Co i tak było tylko złudną nadzieją, przecież Shin nie wytrzymał by nawet 2 minut przeciwko jednemu ze strażników, a co dopiero ze wszystkimi.

Herbalista ukłonił się nisko i spojrzał głęboko w oczy Kapitanowi.

- Czy możemy porozmawiać na osobności? Niestety nie mogę powiedzieć wszystkiego zwykłym żołnierzom. Co innego kapitanowi – uśmiechnął się po czym wskazał miejsce, do którego docelowo mieli by się udać z krępym mężczyzną.

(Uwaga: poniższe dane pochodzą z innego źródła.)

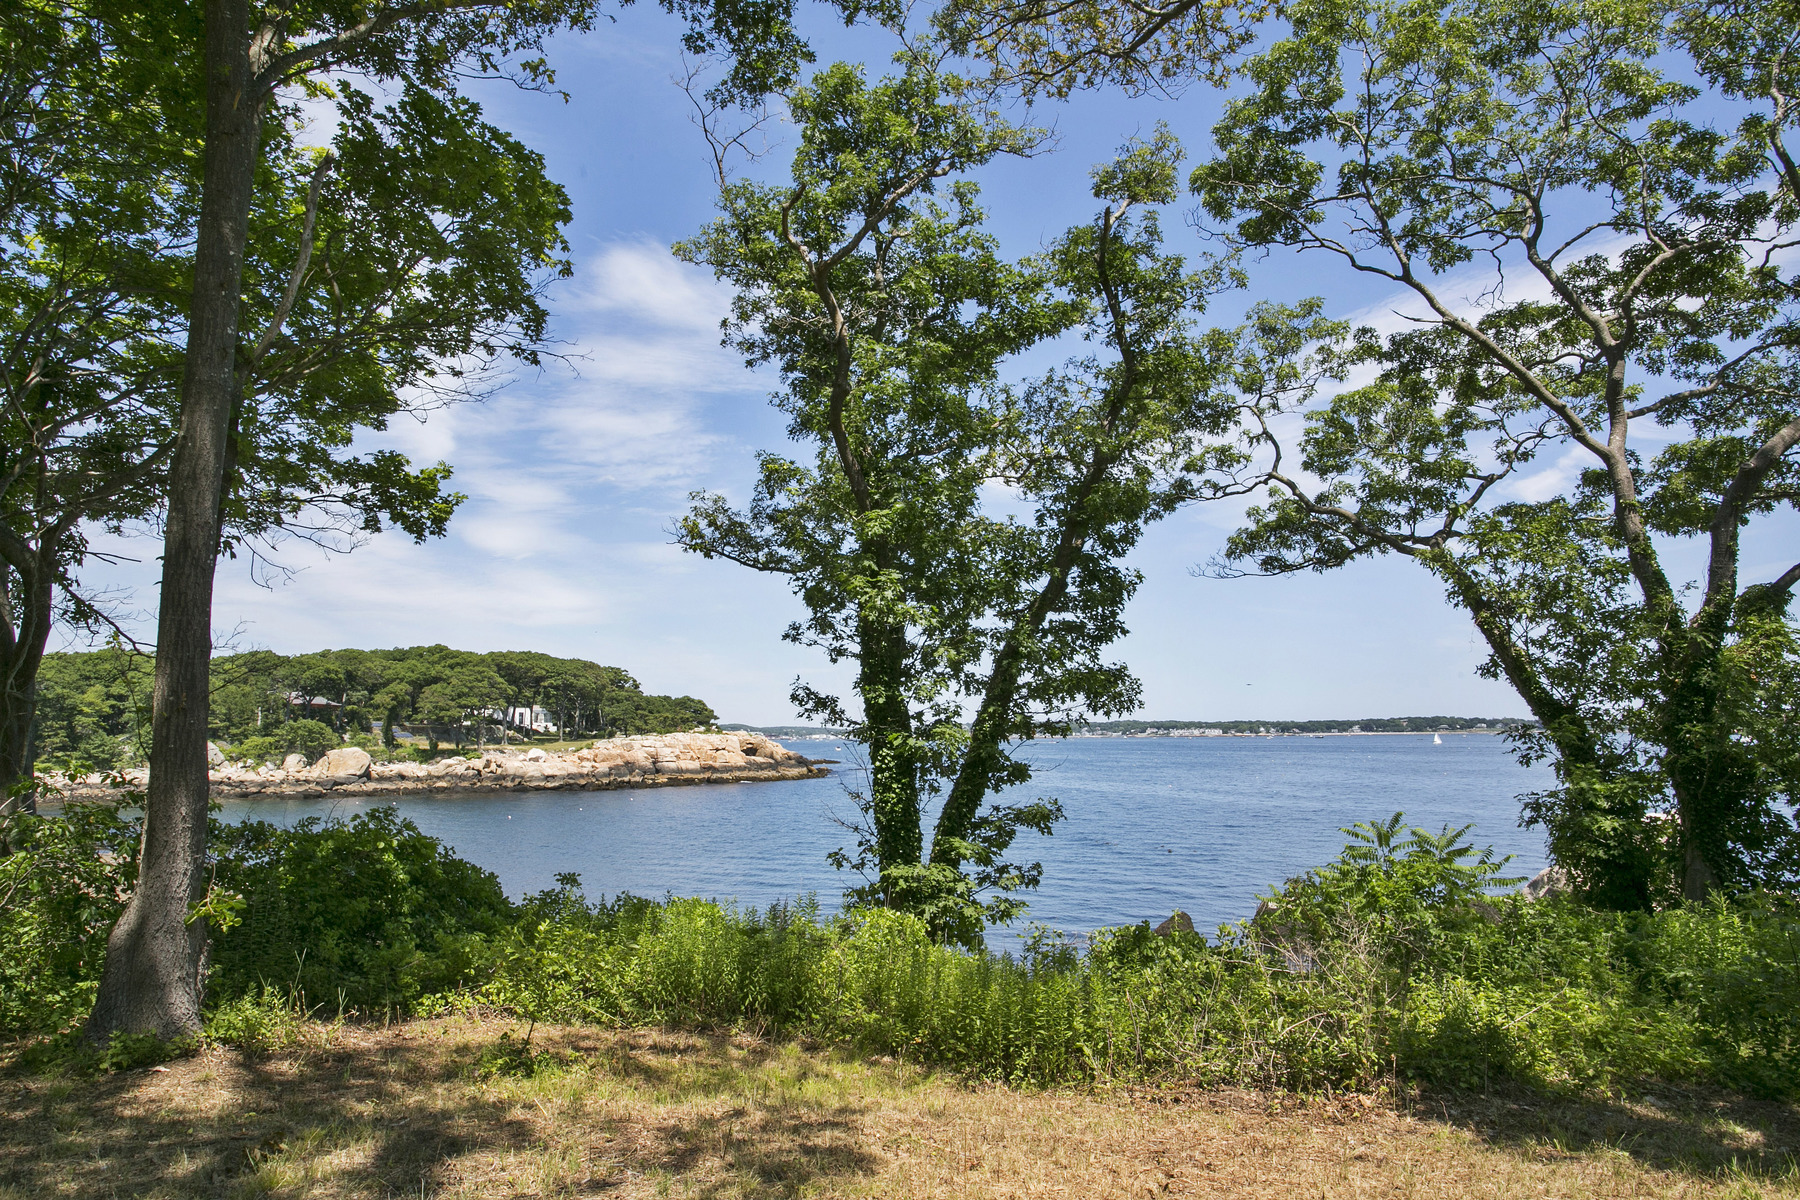 Casa para uma família para Venda às Phenomenal Water Views 42 Mussell Point Road Gloucester, Massachusetts, 01930 Estados Unidos

Sprawna gadka należała do najsilniejszych stron Yuena, znacznie potężniejszych niż sztuki walki, czy tropienie, czy cokolwiek. Pozwalała wygrywać bez użycia jakiejkolwiek broni. Sil oceniła to jak najgorzej, cóż, widocznie średnio pasowały jej sposoby Biao. Dla niej były lekkomyślne oraz niebezpieczne. Oczywiście, miała rację, bowiem dowódca ninja zawsze ma rację. Zapewne wolała, żeby Yuen się nie wtrącał w jej sprawy. Niemniej grała świetnie swoją rolę, Yuen zresztą także, potrafił to robić rewelacyjnie, znacznie lepiej niżeli większość ninja.

- Rozumiem - skinął wypełniając polecenie dowódcy - wybacz, popełniłem błąd - rzekł kompletnie pozbawionym emocji tonem przypominającym papier ścierny. Uczył się jednak na błędach, chociażby na tej lekcji, na której gryzł właśnie wargi tak, że leciała mu krew. Oczywiście do wewnątrz ust, bowiem na zewnątrz poza niewielkim spierzchnięciem nic nie mogło zdradzać jego fatalnego stanu ducha. Zmieniła się, bardzo. To była najważniejsza lekcja. Niby nigdy nic skierował się do Onimaru, by poczekać na sygnał, czymkolwiek ów sygnał miał być. Ponadto mieli się spotkać za bramą, znaczy: przed sygnałem, czy po? Czy mieli się udać tam teraz? Trudna sprawa. Po namyśle zdecydował, że należy wypełnić słowa literalnie. Planował przekazać Onimaru dosłownie, co poleciła dowódca oraz udać się za bramę pozostawiając Roninowi decyzję.

Bezklanowiec był w swoim żywiole. Szedł przez tłum ludzi, jakby szedł po mieście ślepców, nikt go nie widział, nikt nie zwracał na niego uwagi. Za to on widział bardzo dobrze, wypatrzył strażników zanim Ci w ogóle pomyśleli o tym, żeby ruszyć w ich stronę. Przeszedł koło nich bez najmniejszych problemów i rzucił okiem za siebie. Zanim zdążył ich ostrzec było za późno, strażnicy postanowili sprawdzić Sil i Shina. O ile o Sil był względnie spokojny, tak co do umiejętności Shina innych, niż medyczne miał wątpliwości. Zastanawiał się co zrobić, gdy Biao rozwiązał jeden z jego problemów i wyciągnął Małą Żmiję z opresji. Obserwował, jak ta się przemieszcza, próbując odgadnąć jej zamiary, gdyż na pewno nie zmierzała w stronę wyjścia.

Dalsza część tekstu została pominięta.